Father-of the-bride speeches should be memorable for all the right reasons. It can be touching or lightly humorous, and is often a combination of the two. Here's everything you ever…
Written by Guest Blogger Last updated: March 27, 2016
Once upon a time, speeches at a wedding were given by the groom and a friend of the bride’s family. Then the best man joined in, followed by the father of the bride. And time stops for no man. Or woman! Inspired, perhaps, by the Swedish example, where everyone has a go, other members of the wedding party have seized the chance to say their piece! So welcome to the microphone everyone else – including brides, bridesmaids and fathers of the groom. (At Great Speech Writing we’ve written them all).
So, if you’re looking for advice on how to write a fantastic father of the groom speech, look no further – just stick to the following tips or, to save a whole lot of worry, give us a call and we’ll write it for you!
The key to writing a great father of the groom speech is to ensure it will not repeat anything mentioned by the other speakers. Clearly this is easier if you’re speaking as the best man who just happens to be the groom’s father, but if you’re an additional speaker, be sure to have a quick chat with the other speakers before you get going.

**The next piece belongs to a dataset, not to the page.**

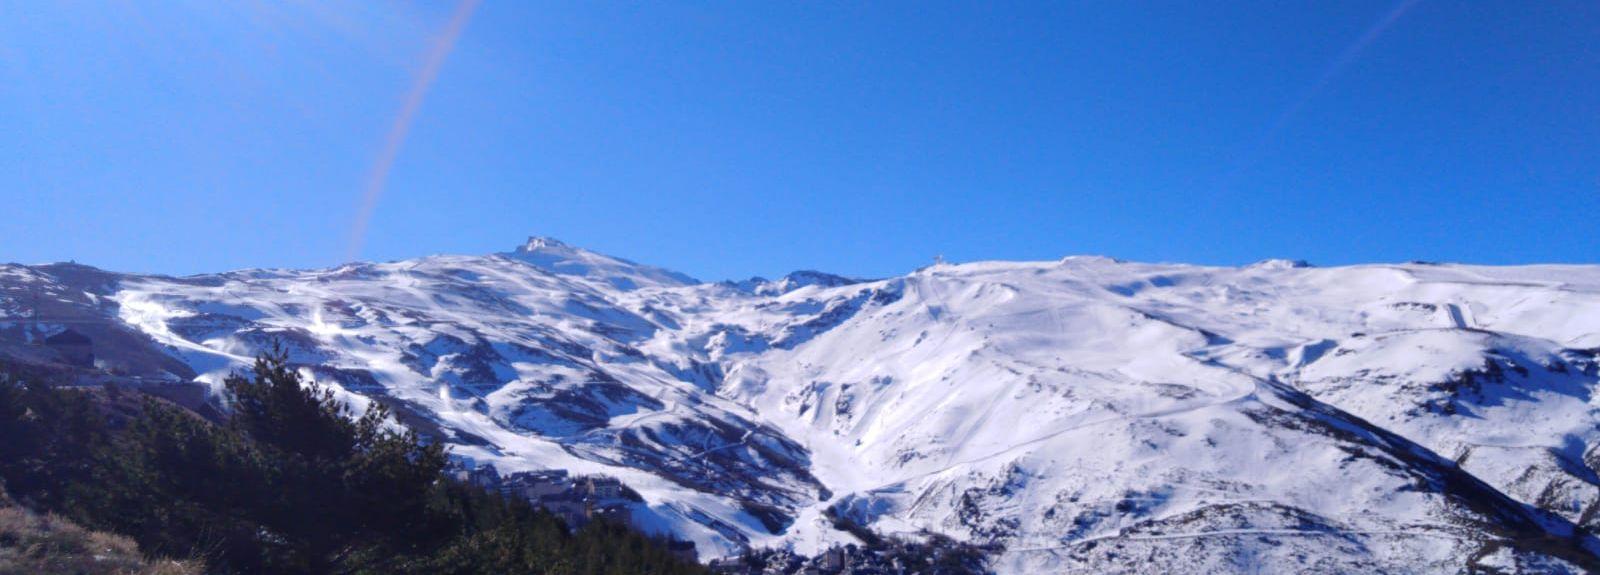 Estación de esquí de Sierra Nevada, Monachil, Andalucía, España

Chances are the father of the bride will do a lot of welcoming, and the best man will focus on your son’s life from the point they first met. Your son, meanwhile, should focus on the guests and his bride. This leaves you plenty of room to work with: the groom’s childhood, his mother and family (if appropriate), the parents’ perspective on the union, your own interactions with the couple, how it feels to see all his friends gathered back together once more as adults… the list goes on!
Once you’ve established roughly what you might cover, it’s time to think back-to-front. Rather than writing down everything you’d like to say, you should imagine you have just delivered the speech. What would you like the wedding guests to be saying the morning after? What balance are you looking to create between humour and sincerity? If you can answer these key questions you’re well on your way.
There’s no set structure for a father of the groom speech so you can get creative, but remember that as one of the parents, people will expect you to offer a more ‘mature’ perspective than is normal for a best man or a groom! That said, there’s no need to be dour – keep it light and engaging (and under 10 minutes long) and you’re bound to go down well. It also wouldn’t be out of form to toast either the mothers or the happy couple!
We believe every speech should be completely original. So we won’t offer you an interchangeable generic groom babble. But we are delighted to let our clients do the talking for us:
“Speech went very, very well. Quite a few tears and laughs in all the right places. Will use you again without a doubt. Great job.” Peter M (Father of the groom, summer 2015)
When you first think about your speech, the idea of standing up on the wedding day can be daunting. But it needn’t be. There will be a tremendous amount of warmth in the room, and everyone will be on your side. On top of this, once you have content you’re happy with, you’ll start to feel more confident about delivering it.
Work on your posture – stand with feet just under shoulder-width apart, back straight and body language open. Remember that when we are relaxed and chatting to friends, we use hand gestures to make our point. We also smile, raise eyebrows and make other appropriate gestures. Under pressure, there can be a temptation to freeze. We suggest you do the opposite – training yourself to exaggerate body language ever so slightly so that everyone can see throughout the room.
If you’re standing without a lectern, it’s a good idea to print the speech on A6 cards. These will be easier to handle and won’t flap about when you’re speaking. You might be tempted to do without a printed script all together, but this can be a tightrope walk without a safety net. Just ask Ed Milliband. Have the whole speech in front of you, but practice it enough so that you only need to look down occasionally to check your place. This will allow you to make eye contact with your audience too, which will work wonders on engaging with them.
Lastly, take your time. Nobody will understand you if you rush, and (if you’re not already!) you’ll probably become short of breath, which can play havoc on your nerves. Speak loudly, steadily and clearly, emphasising key words. If you insert natural pauses to breathe and allow spaces for applause, toasts and cheers, 8-10 minutes should mean no more than around 1200 words.